* [Task prompt]:
Although the data below holds other lines too, output only those from the line with "Upscale hotel lobby with fire pit" up to and including the line with "3 Best of Beauty-Winning", exactly as they appear.

*** Provided data Section Begins ***

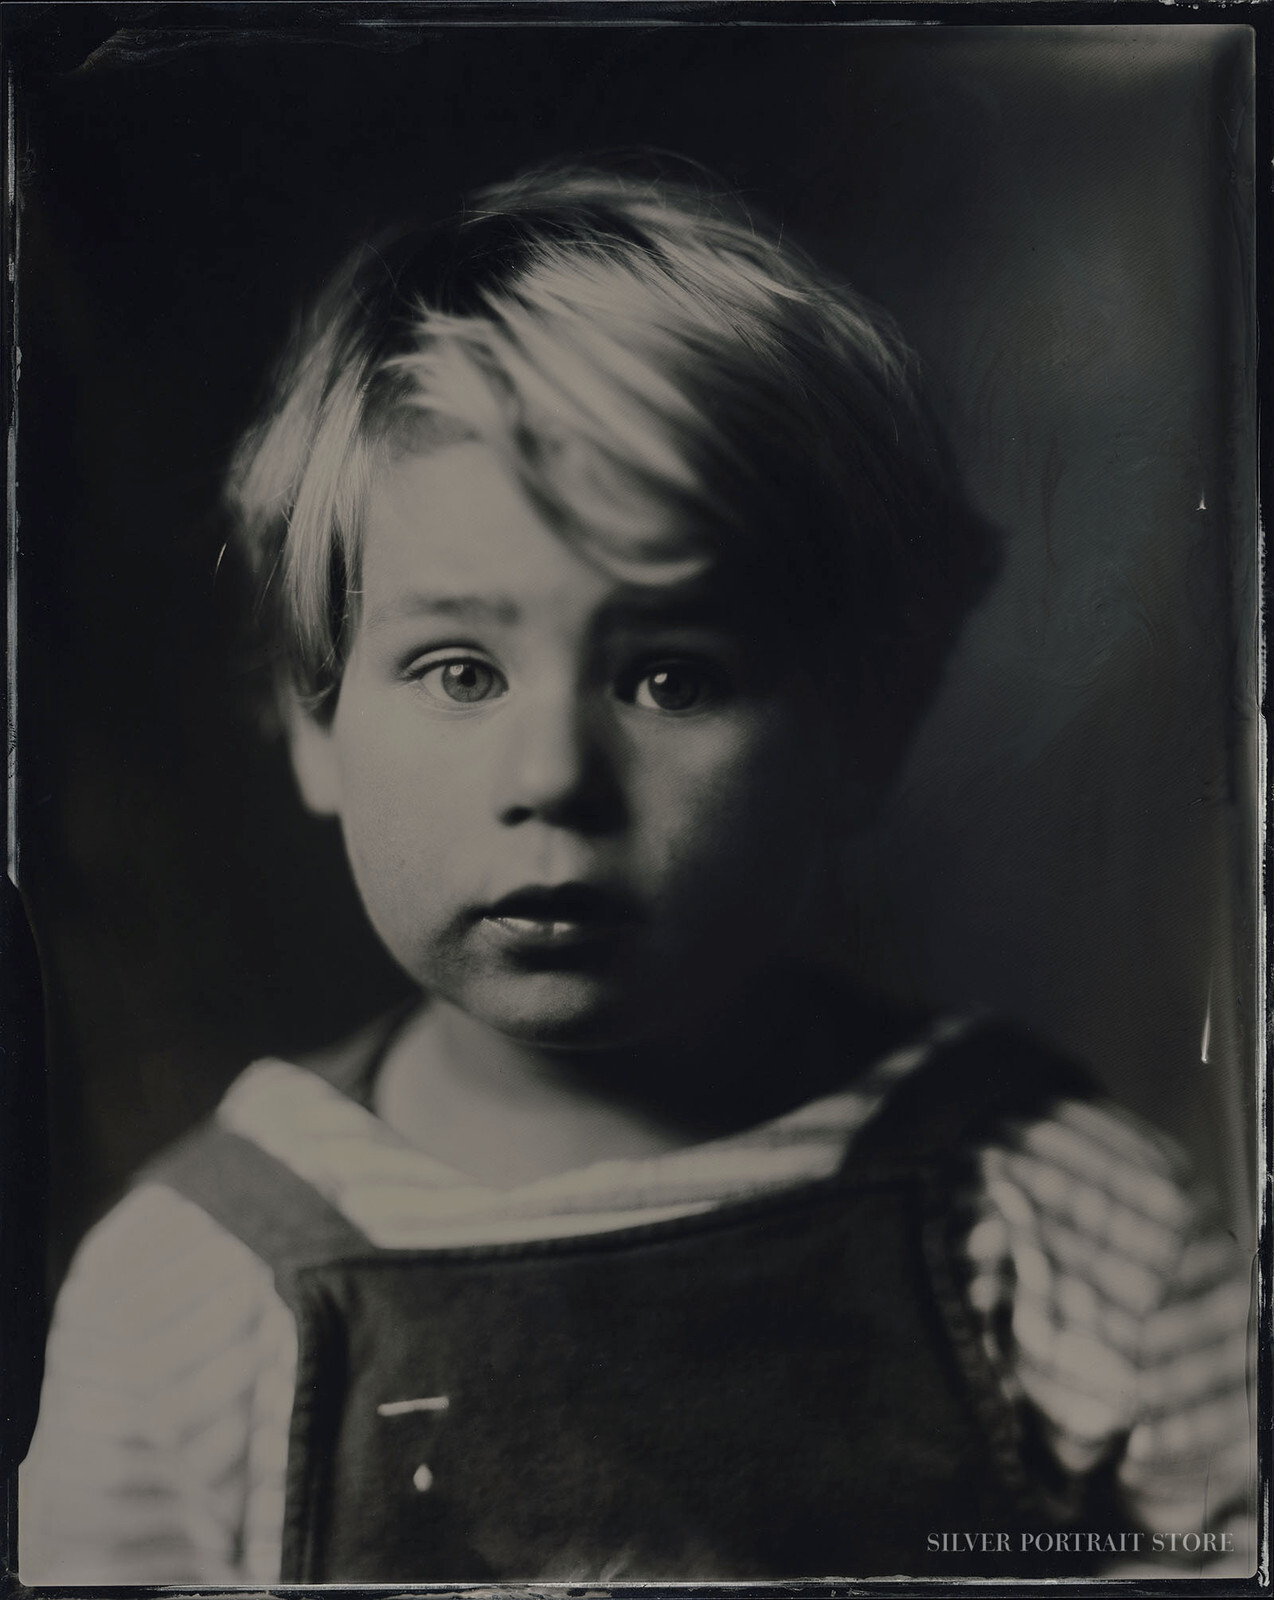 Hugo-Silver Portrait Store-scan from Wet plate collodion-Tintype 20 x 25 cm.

*** Provided data Section Ends ***
*** Provided data Section Begins ***

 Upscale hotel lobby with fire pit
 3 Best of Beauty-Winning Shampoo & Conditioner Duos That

*** Provided data Section Ends ***
*** Provided data Section Begins ***

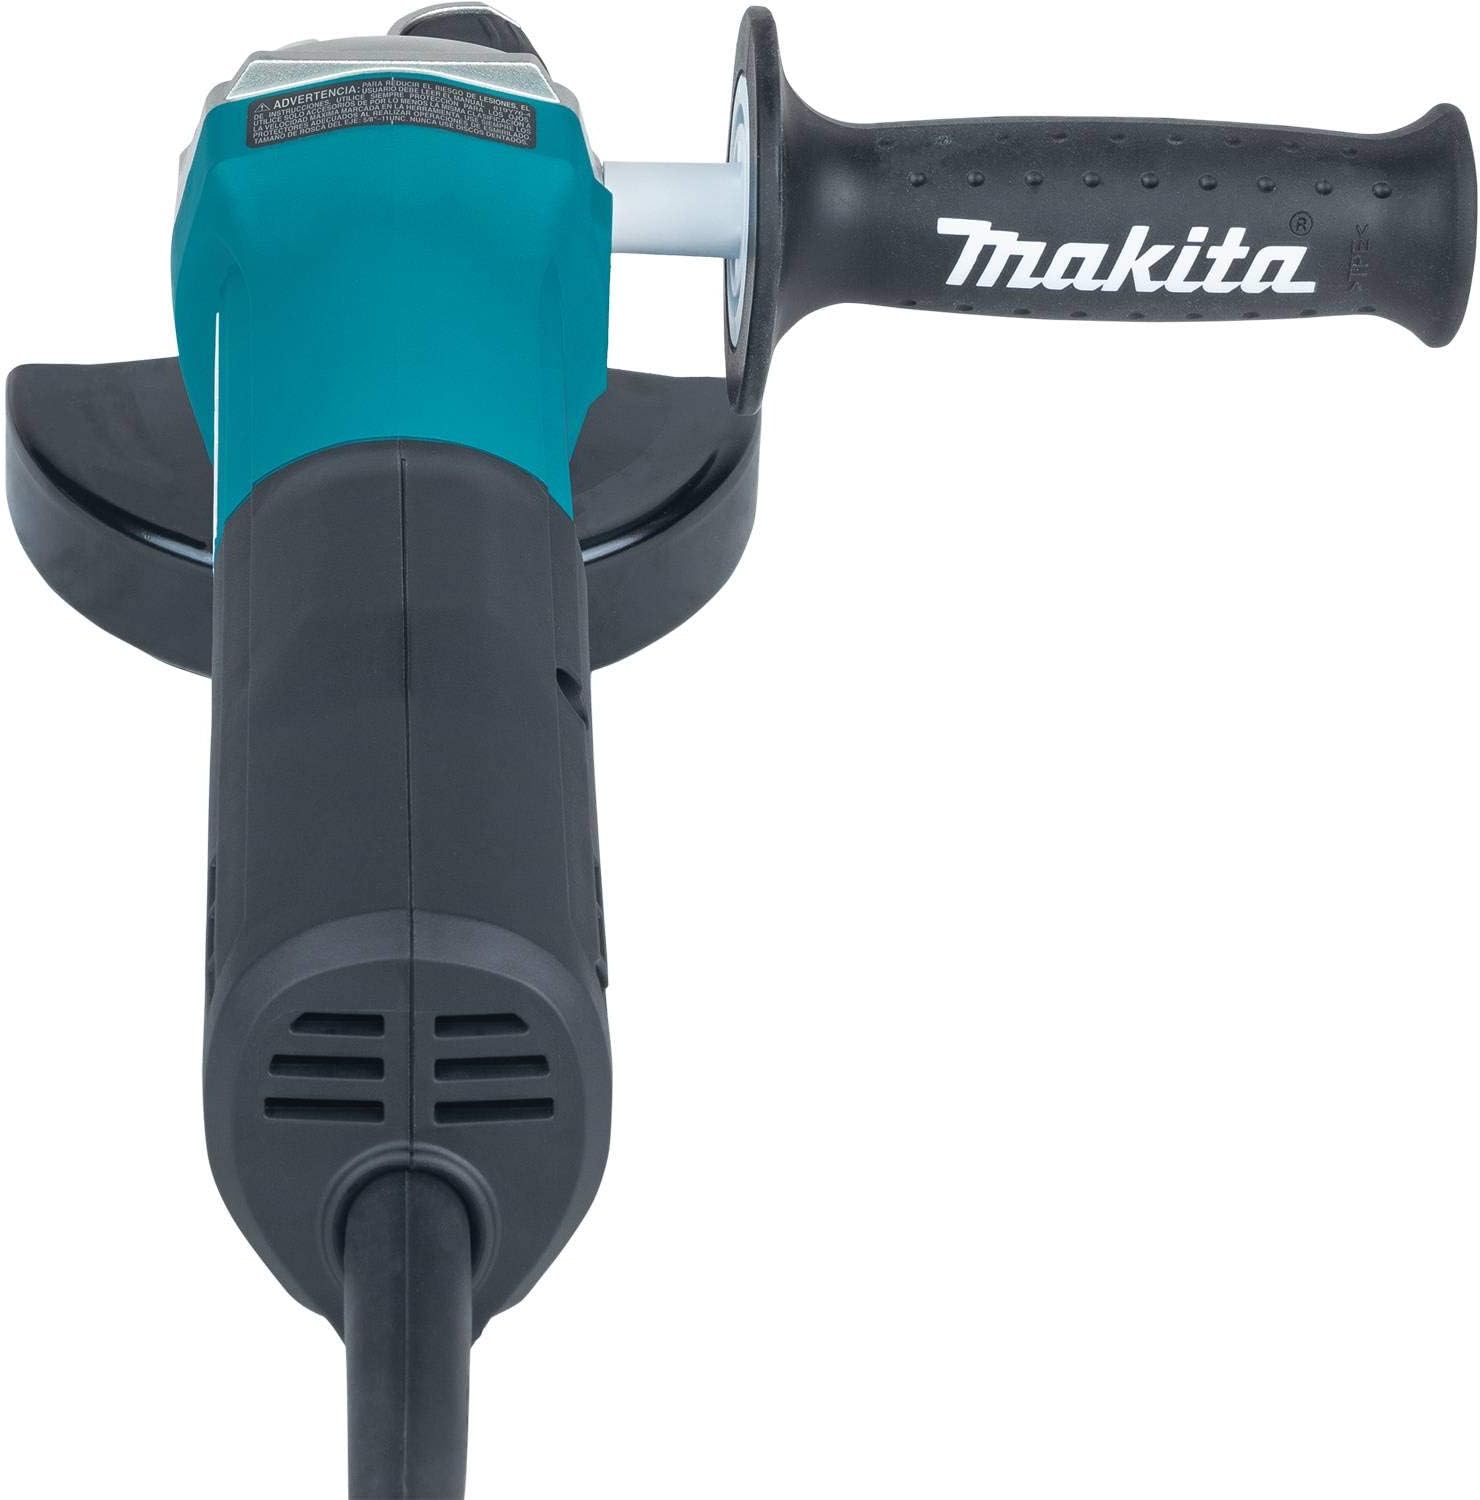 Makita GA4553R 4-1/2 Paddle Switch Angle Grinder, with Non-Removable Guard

*** Provided data Section Ends ***

* [Solution to the exercise]:
 Upscale hotel lobby with fire pit
 3 Best of Beauty-Winning Shampoo & Conditioner Duos That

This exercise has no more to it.